—Pues concedido que lo sea. ¿No podía yo estar acompañado y asistido... hasta con amor, y sin embargo?...

—Y sin embargo, pensar usted como piensa, y ser usted lo que es. ¿No es esto lo que usted quería decir?

—Cabalmente.

—Y ¿á título de qué, señor mío, había de gozar usted ese privilegio? ¿Quién le ha dicho á usted que el amor del prójimo se enciende como una pajuela cuando necesitamos su luz, y se apaga cuando nos estorba? ¿Qué da usted al prójimo en cambio de eso que le pide?... Ó ¿cree usted que el mundo es un mueble de lujo para recreo de cuatro solterones aburridos, ó de otros tantos egoístas desalmados?

—Está usted cruel conmigo, Doctor.

—Como lo estoy siempre que trato de salvar una vida extirpando el cáncer que la compromete. Cumplo con mi deber.

—Es verdad.

—Y no dude usted que le hablo con ella en los labios.

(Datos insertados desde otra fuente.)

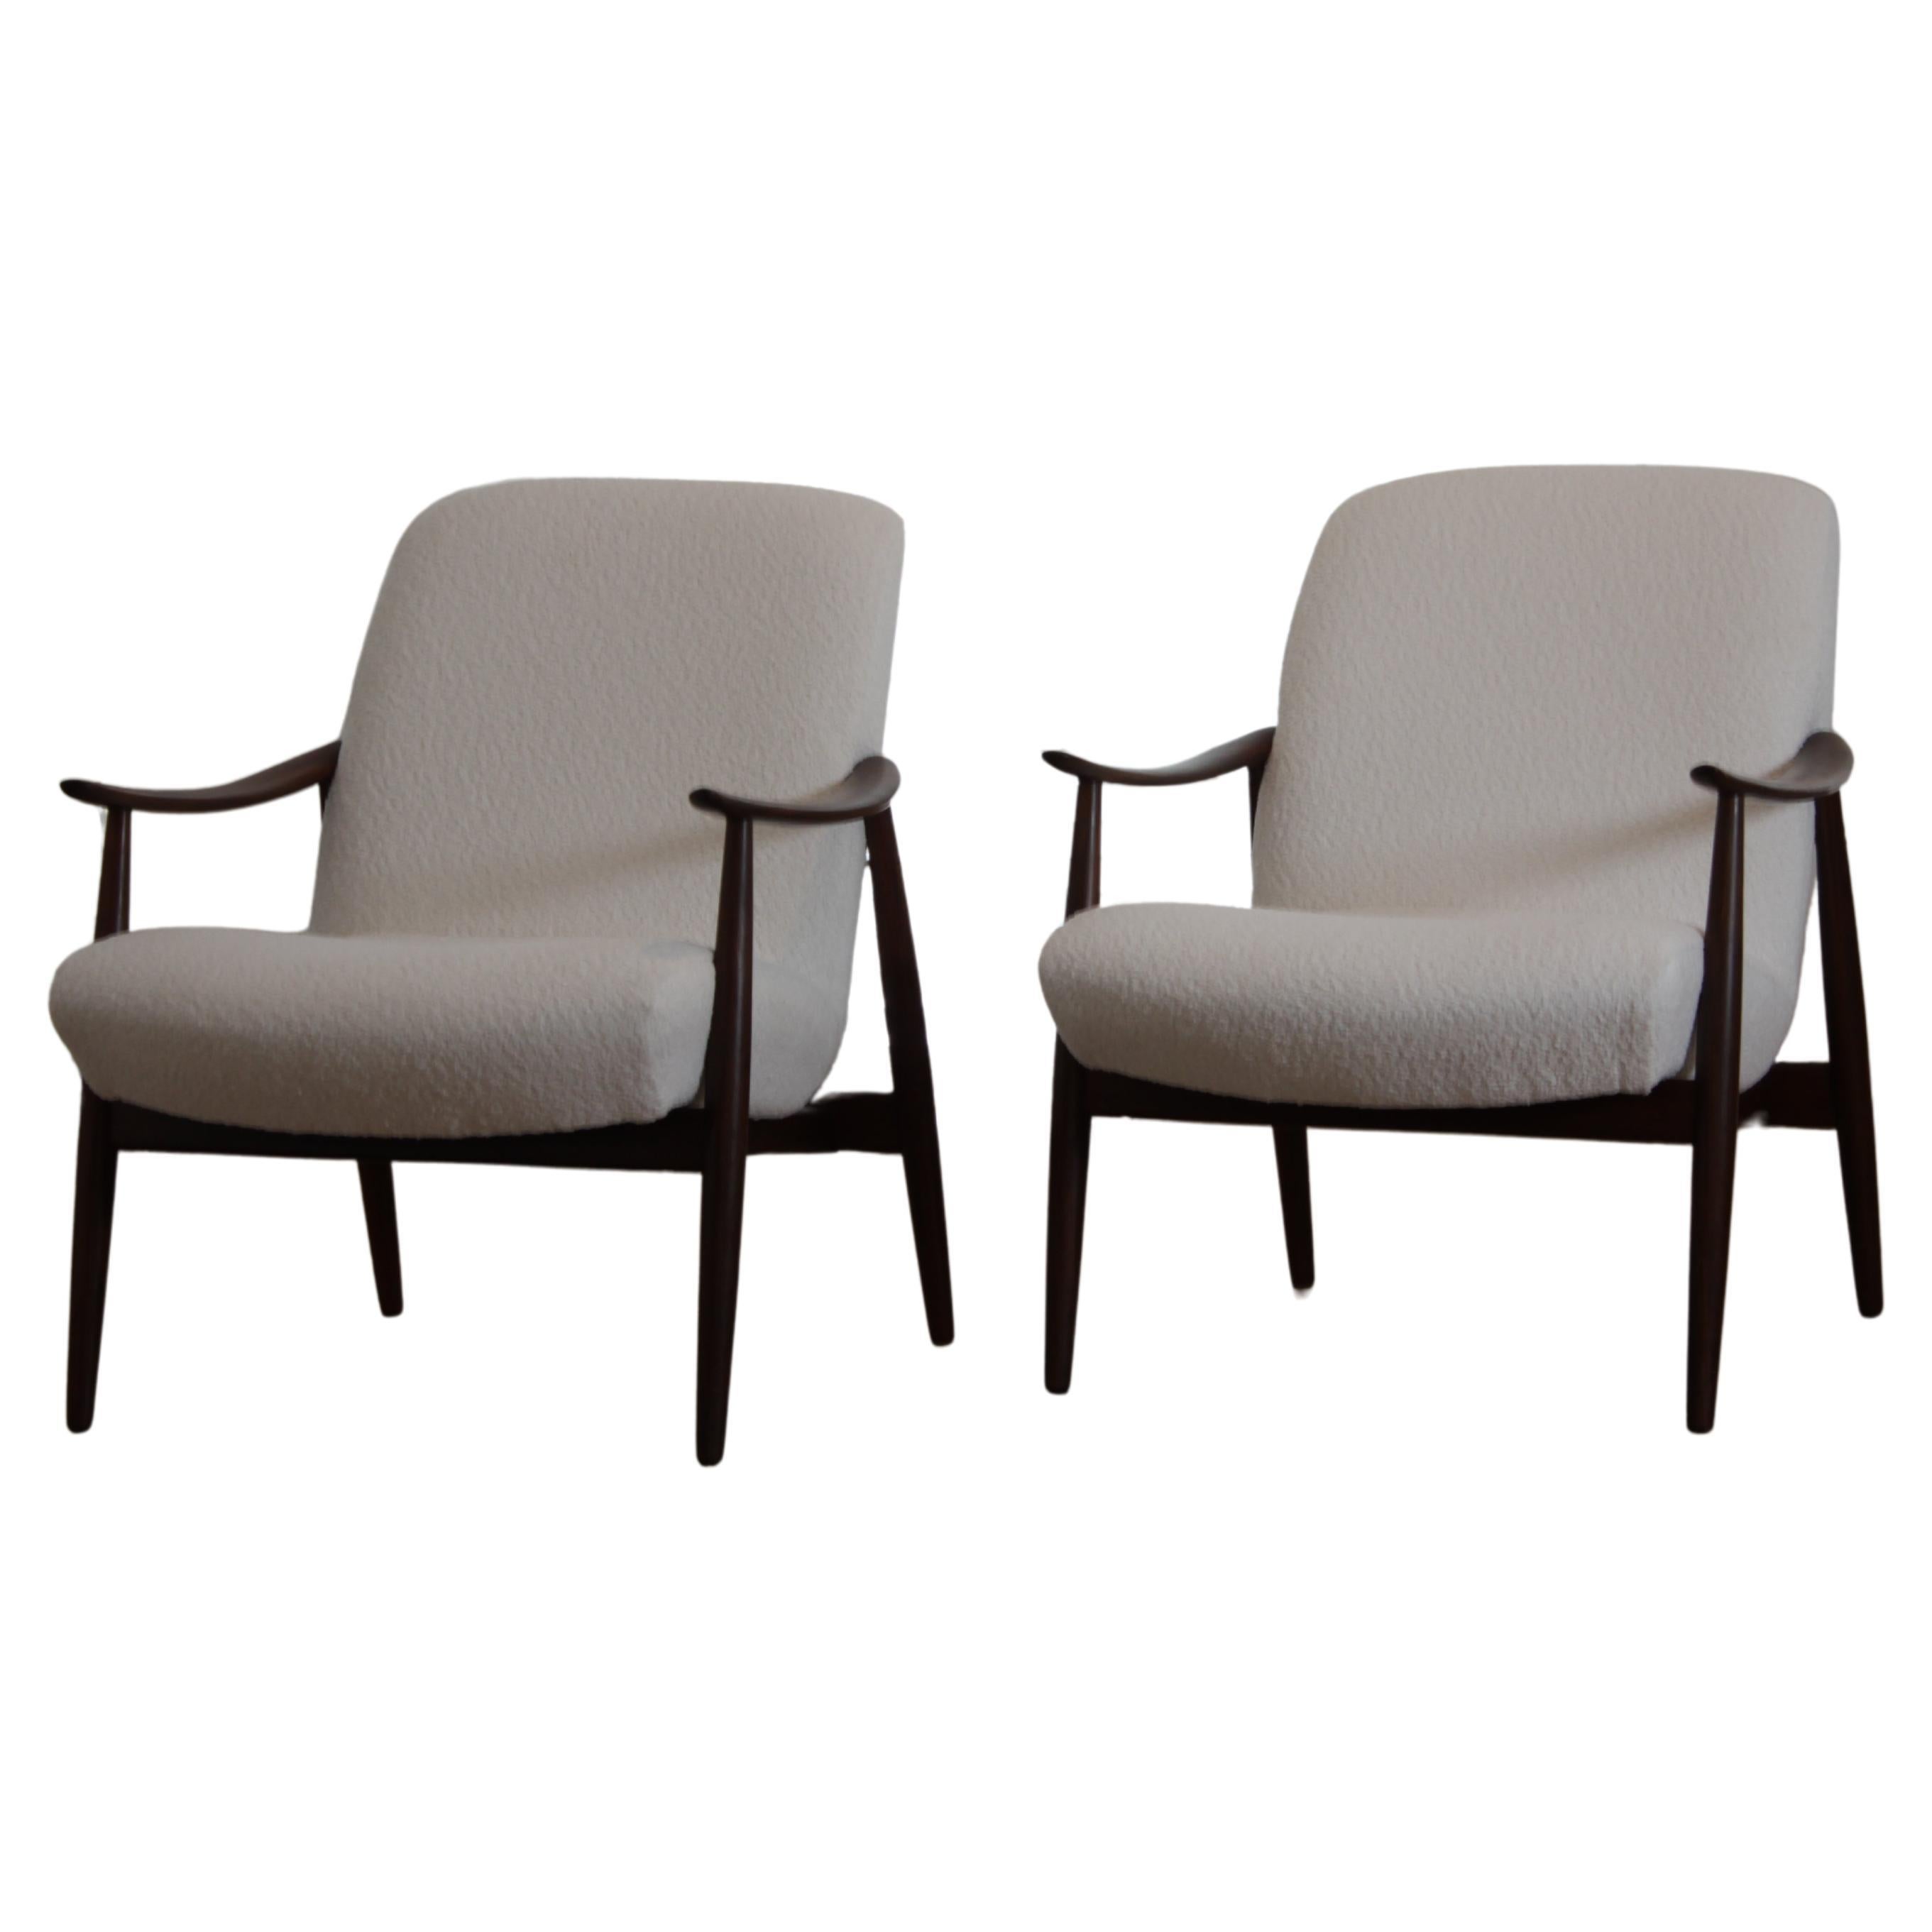 Mid 20th Century Modern Pair of Armchairs by Ingmar Relling for Westnofa, 1960s

—No lo dudo, y hasta agradezco la intención. Pero pongámonos en todos los casos. Suponga usted que esas teorías me parecen muy saludables, y que las aplaudo; pero suponga usted también que mi corazón se resiste á aceptarlas. ¿Cómo he de adoptar yo un partido que, sin poder remediarlo, me repugna?

—El corazón se educa como la inteligencia, señor mío; y la prueba es que el corazón de usted está dando hoy el fruto de la educación que recibió ayer.